For more nuanced personal finance content, join 65,000+ others and sign up for the free Financial Samurai newsletter. Financial Samurai is one of the largest independently-owned personal finance sites that started in 2009. Everything is written based off firsthand experience. 

55 thoughts on “Is It Better To Be A Full-Time Employee Or Contractor (Freelancer)?”

  1. Fractioncalc

    I advise all college students or recent college grads to get into the tech sector, in spite of having a career in real estate and being passionate about all things related to real estate.

    In today’s market, the tech sector presents millennials with better entry level job prospects and high starting salaries, but, most important, being in tech provides young people with many more opportunities to be an entrepreneur or work for a startup and therefore benefit financially from rapid growth of the company you own or work for.

    The only barrier to entry to building wealth in real estate is money. Real estate is not rocket science, it simply takes money to buy property and bare minimum common sense to manage it. But, no one will lend to you or invest in your deals unless your interests are aligned with the interests of your capital sources which simply means having a significant amount of one’s own capital invested and at risk as well. Also, working for a real estate company probably pays better when compared to average incomes in a given region, but its very rarely the case that the owner of that company is going to compensate you with a percentage of ownership of a property that they purchased with their money.

    So, all career paths being equal, I would advise that you become a software developer and make a lot of money that one can than you to purchase property and than start your second career as a real estate investor or developer.

  2. I recently left Corporate America due to boredom and politics. As a result I decided to try contract work. Your article was OUTSTANDING!!! It really broke down the negatives and positives in an extremely tangible way. It really comes down to what you can tolerate. And I would rather do the work in a defined manner as opposed to spinning out in “strategizing” meetings as a full timer. So I am trying contractor work and enjoying not getting emails about work I completed 5 years ago. It is a fresh start with no baggage for a limited period of time. Also – What I love about our world is that we have choices. Thank you so much for showing us both options so descriptively in your article!!! AWESOME!

  3. software contractor

    I’m a senior mid level software engineer, and haven’t had experience working as a contractor. But I’m considering as it looks like more employment is available this way. However with a child on board, FTE stability does seem better for me. Above the claim is that I should expect a 60-100% greater salary working as a contractor. However since software developers make pretty good money, I think this works out to 80-100$ an hour. Haven’t seen any offers yet, but I expect the contract roles are going to try to pay me in line with a non FTE salary. maybe 20% more.
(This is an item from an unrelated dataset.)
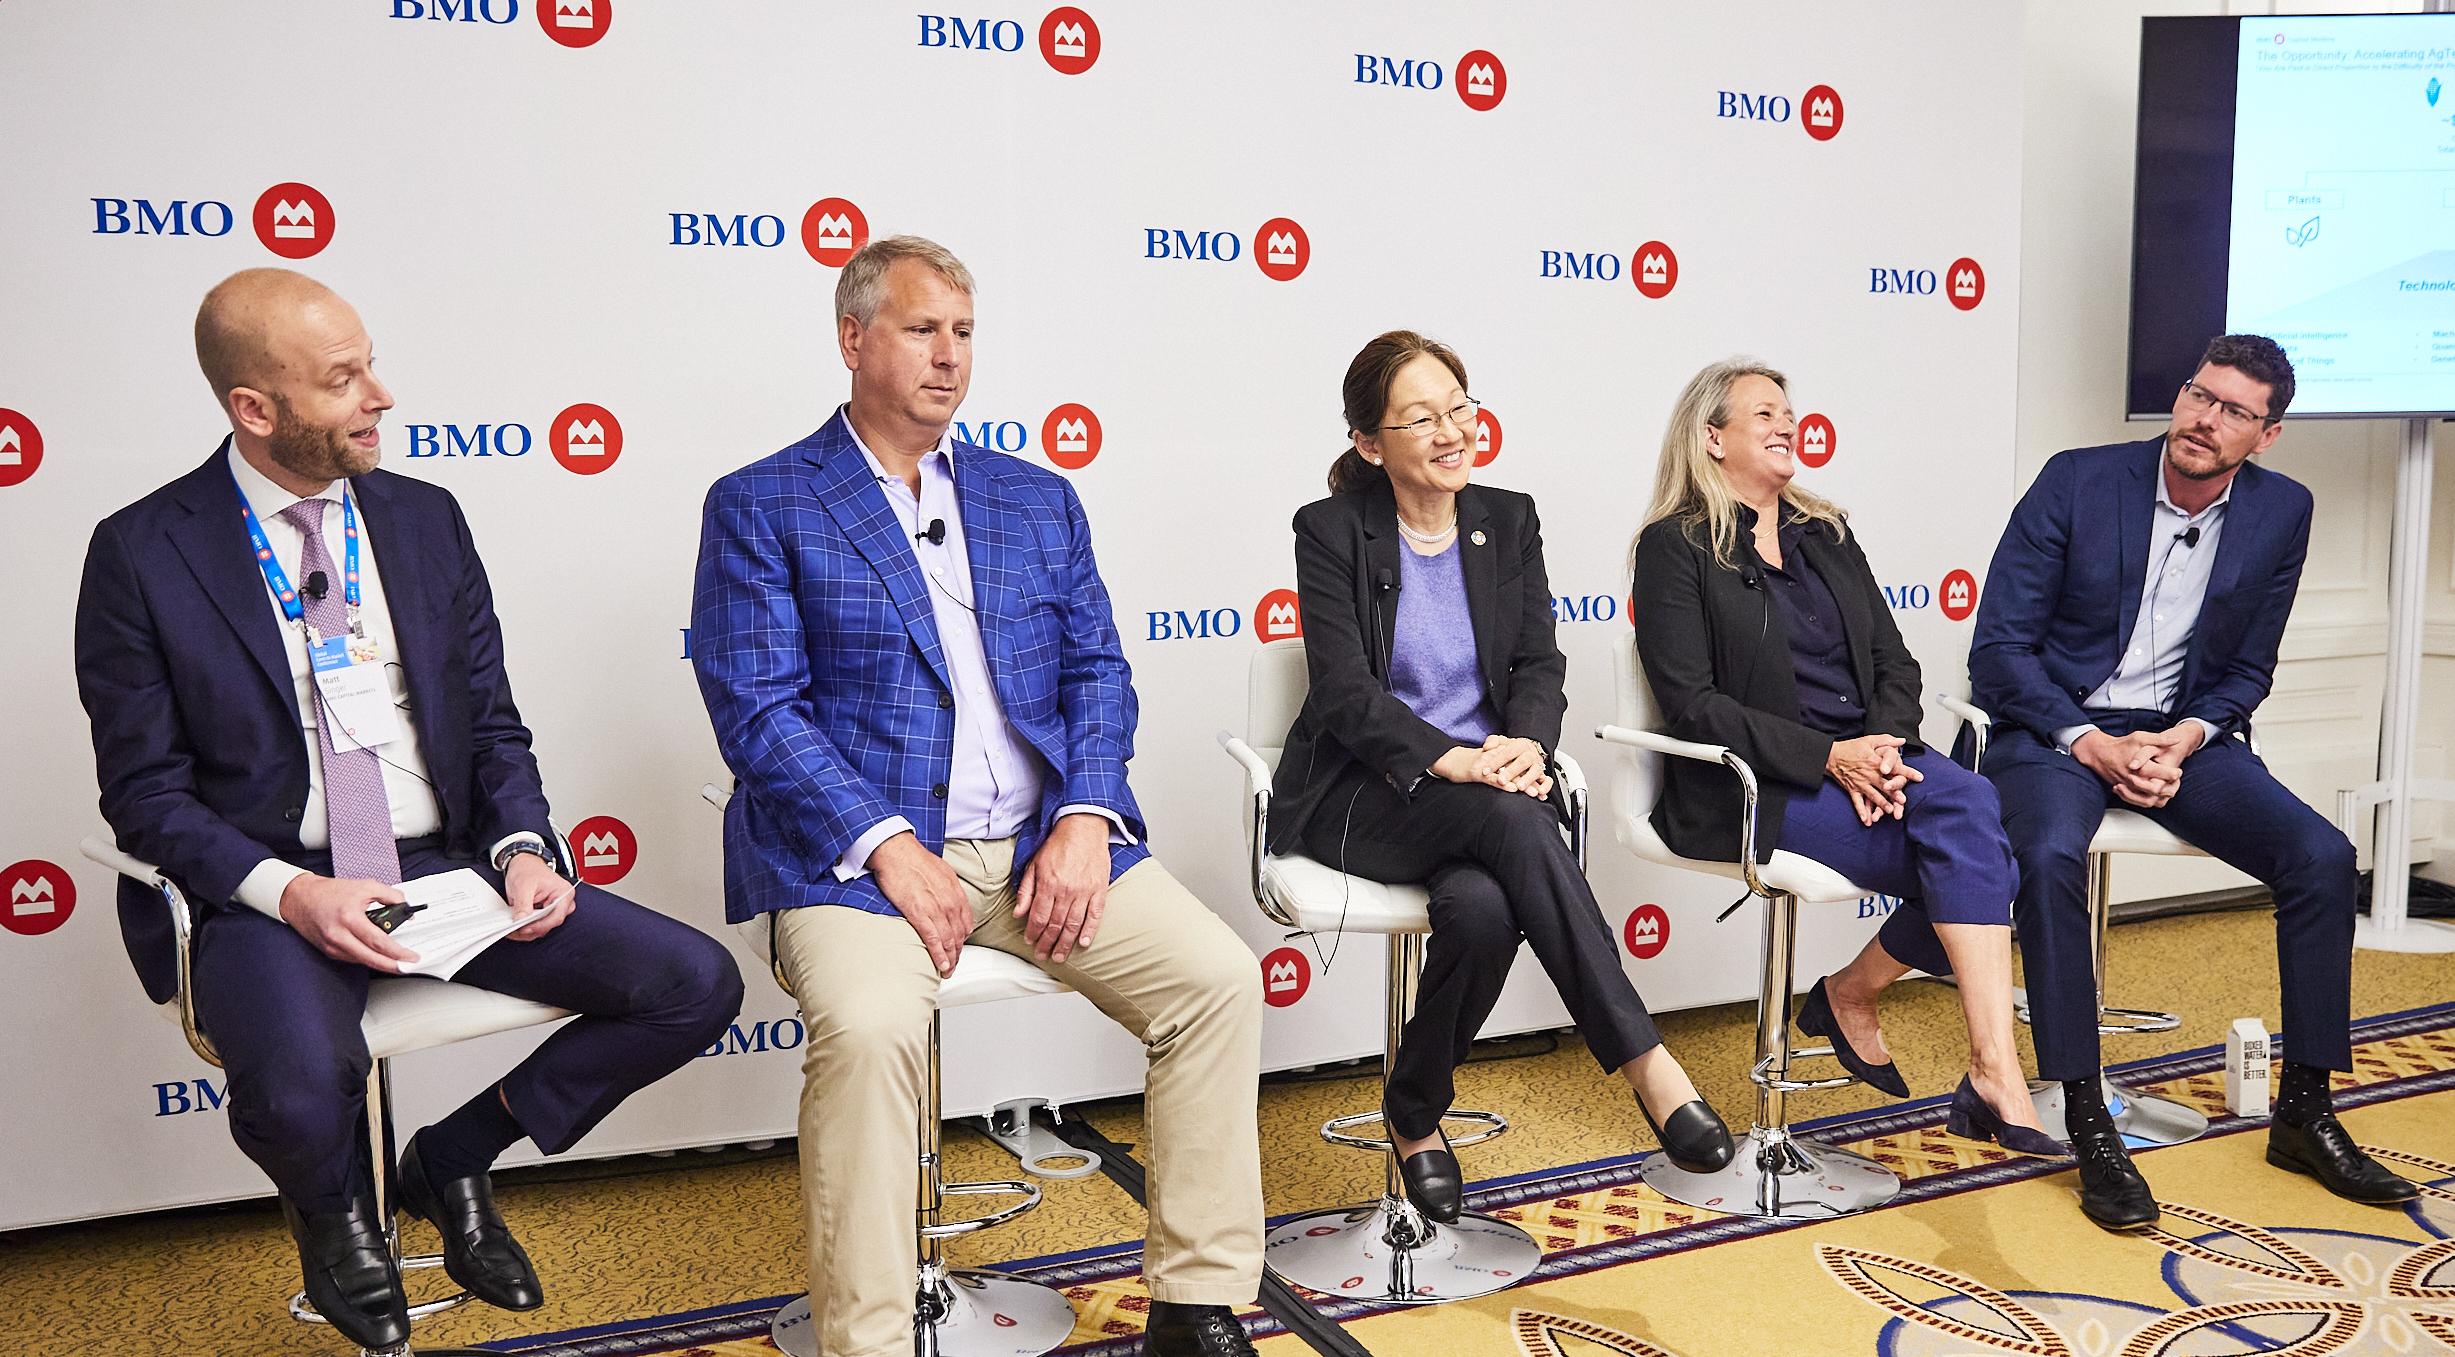 Panelists on Agtech Innovation at the BMO Global Farm to Market Conference
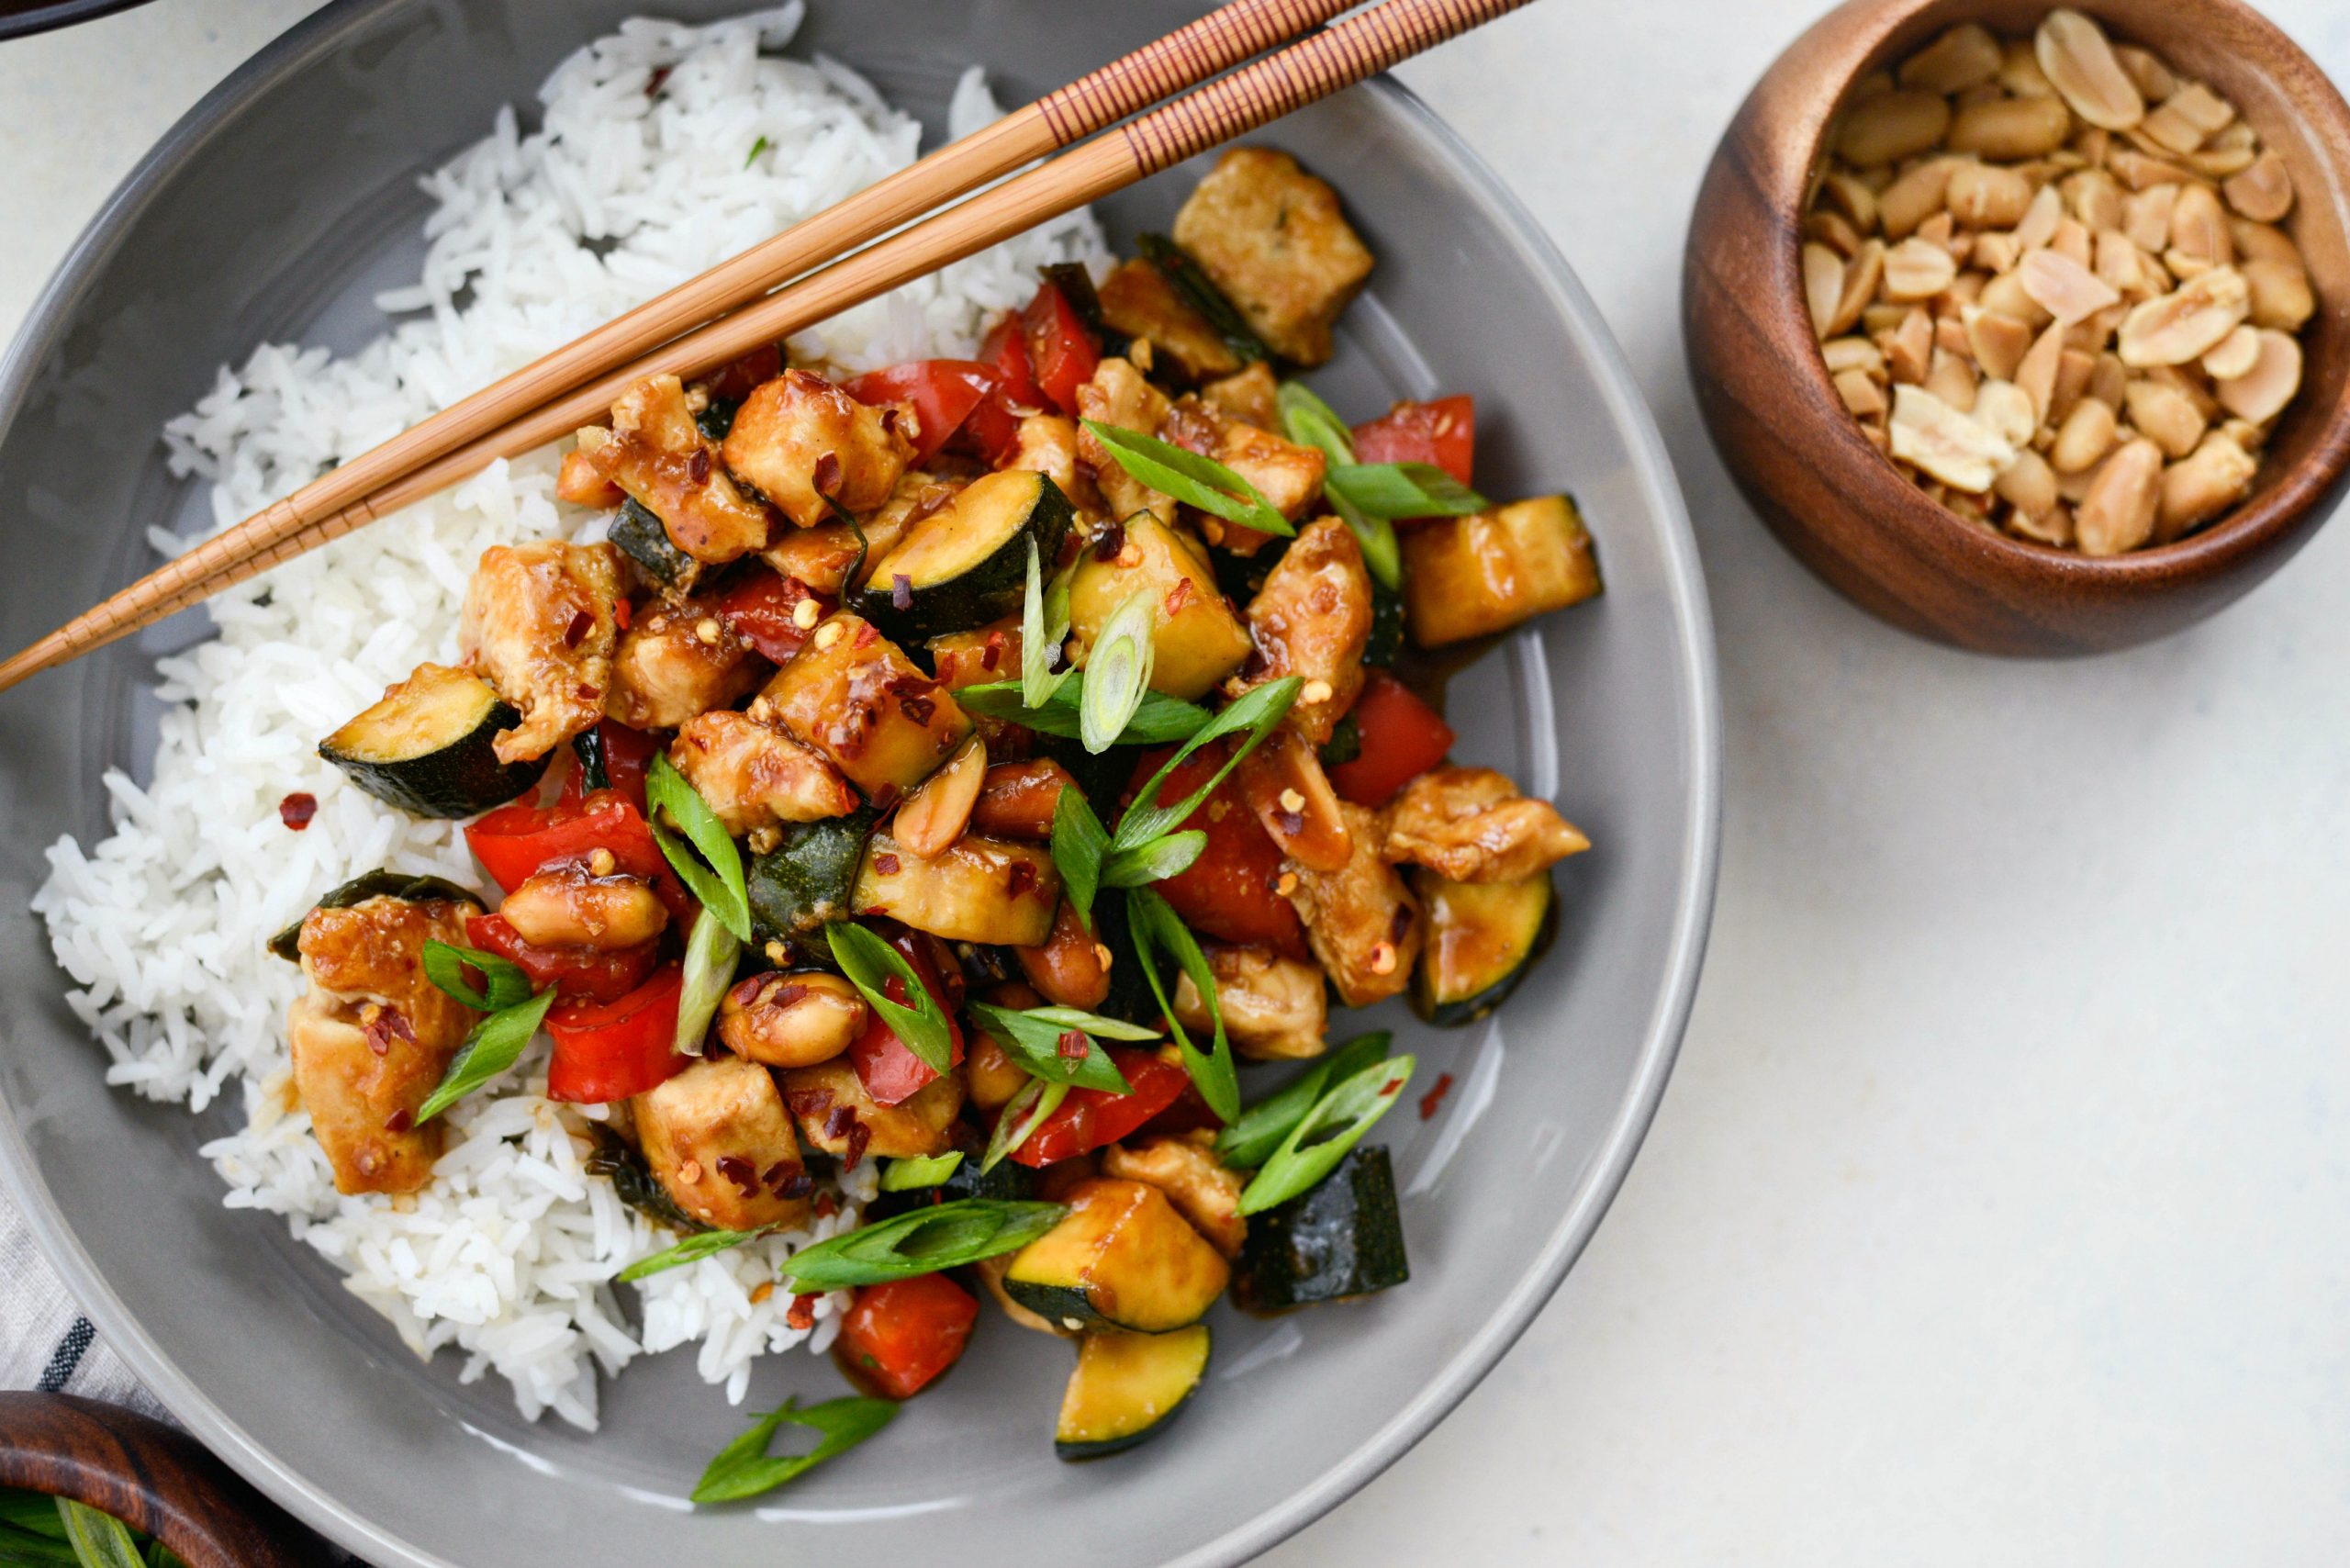 An Eat'n Man: Stir Fry - On the Grill - Kung Pao Chicken

    Any reference on how the 60-100% figure was made?Any other software developers out there? Any advice on negotiating the contractor arrangement?

  4. Thanks for this article and for all the comments. I’ve read them all. I’ve been contracting for the last 7 months with a firm and have been working 2 days a week. I wanted to up it to 3 and we had a meeting today where I let them know what I wanted to do. They were totally receptive and offered that I could be an employee for those three days a week so that I could get health insurance through them. I didn’t give them an answer yet, we agreed I should have time to think about it. We also didn’t get into any specifics, but they did say they would adjust my rate to cover the cost of the insurance. This is fine, but I also wonder about losing the freedoms I have had as a contractor. Such as taking time off whenever I want, working pretty flexible hours on the days I do work, and making the contractors rate. I suppose all these things are negotiable and they’ve said I am free to work with whatever other clients I want. I can see that it wouldn’t be any benefit to receive health insurance at the end of the year, but it could be a good thing to start at the beginning of the year. I’m just feeling really torn about the decision between contracting and becoming an employee. Three days a week is great for me, what I’ve said I wanted for the last two years and I think I’m in a good place to negotiate. I just want to be sure I’m aware of what I’m negotiating and wondering which option would hold the best earning potential. Any advice or feedback is greatly appreciated!

  5. This is a really helpful article, thanks!

    I have been FT employed as a scientist with the same government dept for >8years now and I would love to go freelance, mainly for more freedom. My concern is that I have become fairly specialized within a scientific field where most work is done by academics and government researchers, so I can’t see how there would be contract positions available to me if I carried on with the same type of work.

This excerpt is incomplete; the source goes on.